— Exercise instructions —
Give the entries again in full. Nothing may be altered.

(Data extracted from a collection)
+++

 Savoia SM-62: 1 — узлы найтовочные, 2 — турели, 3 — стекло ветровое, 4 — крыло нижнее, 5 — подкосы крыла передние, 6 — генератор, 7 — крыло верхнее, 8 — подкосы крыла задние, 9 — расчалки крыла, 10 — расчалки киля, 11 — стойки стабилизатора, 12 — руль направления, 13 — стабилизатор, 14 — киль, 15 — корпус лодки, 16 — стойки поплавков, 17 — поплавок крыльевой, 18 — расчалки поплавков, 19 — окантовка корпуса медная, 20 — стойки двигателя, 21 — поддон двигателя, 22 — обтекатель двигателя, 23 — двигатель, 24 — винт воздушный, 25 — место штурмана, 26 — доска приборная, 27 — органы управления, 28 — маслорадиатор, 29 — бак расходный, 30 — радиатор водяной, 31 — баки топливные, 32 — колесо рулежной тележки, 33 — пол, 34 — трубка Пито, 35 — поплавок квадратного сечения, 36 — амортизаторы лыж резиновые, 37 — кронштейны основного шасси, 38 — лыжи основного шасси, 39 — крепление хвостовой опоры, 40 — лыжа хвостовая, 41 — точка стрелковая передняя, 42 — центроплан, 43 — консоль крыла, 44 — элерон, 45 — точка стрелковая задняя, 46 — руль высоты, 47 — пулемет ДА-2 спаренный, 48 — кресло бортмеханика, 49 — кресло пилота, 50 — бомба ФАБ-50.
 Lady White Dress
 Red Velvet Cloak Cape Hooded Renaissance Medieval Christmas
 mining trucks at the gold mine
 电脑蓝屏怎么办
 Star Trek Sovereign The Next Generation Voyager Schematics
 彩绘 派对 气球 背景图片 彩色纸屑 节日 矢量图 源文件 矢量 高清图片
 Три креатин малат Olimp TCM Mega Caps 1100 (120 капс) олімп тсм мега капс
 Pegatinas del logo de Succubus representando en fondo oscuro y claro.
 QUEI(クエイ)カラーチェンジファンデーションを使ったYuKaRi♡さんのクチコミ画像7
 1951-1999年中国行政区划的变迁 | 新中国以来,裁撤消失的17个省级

+++

— Result —
 Savoia SM-62: 1 — узлы найтовочные, 2 — турели, 3 — стекло ветровое, 4 — крыло нижнее, 5 — подкосы крыла передние, 6 — генератор, 7 — крыло верхнее, 8 — подкосы крыла задние, 9 — расчалки крыла, 10 — расчалки киля, 11 — стойки стабилизатора, 12 — руль направления, 13 — стабилизатор, 14 — киль, 15 — корпус лодки, 16 — стойки поплавков, 17 — поплавок крыльевой, 18 — расчалки поплавков, 19 — окантовка корпуса медная, 20 — стойки двигателя, 21 — поддон двигателя, 22 — обтекатель двигателя, 23 — двигатель, 24 — винт воздушный, 25 — место штурмана, 26 — доска приборная, 27 — органы управления, 28 — маслорадиатор, 29 — бак расходный, 30 — радиатор водяной, 31 — баки топливные, 32 — колесо рулежной тележки, 33 — пол, 34 — трубка Пито, 35 — поплавок квадратного сечения, 36 — амортизаторы лыж резиновые, 37 — кронштейны основного шасси, 38 — лыжи основного шасси, 39 — крепление хвостовой опоры, 40 — лыжа хвостовая, 41 — точка стрелковая передняя, 42 — центроплан, 43 — консоль крыла, 44 — элерон, 45 — точка стрелковая задняя, 46 — руль высоты, 47 — пулемет ДА-2 спаренный, 48 — кресло бортмеханика, 49 — кресло пилота, 50 — бомба ФАБ-50.
 Lady White Dress
 Red Velvet Cloak Cape Hooded Renaissance Medieval Christmas
 mining trucks at the gold mine
 电脑蓝屏怎么办
 Star Trek Sovereign The Next Generation Voyager Schematics
 彩绘 派对 气球 背景图片 彩色纸屑 节日 矢量图 源文件 矢量 高清图片
 Три креатин малат Olimp TCM Mega Caps 1100 (120 капс) олімп тсм мега капс
 Pegatinas del logo de Succubus representando en fondo oscuro y claro.
 QUEI(クエイ)カラーチェンジファンデーションを使ったYuKaRi♡さんのクチコミ画像7
 1951-1999年中国行政区划的变迁 | 新中国以来,裁撤消失的17个省级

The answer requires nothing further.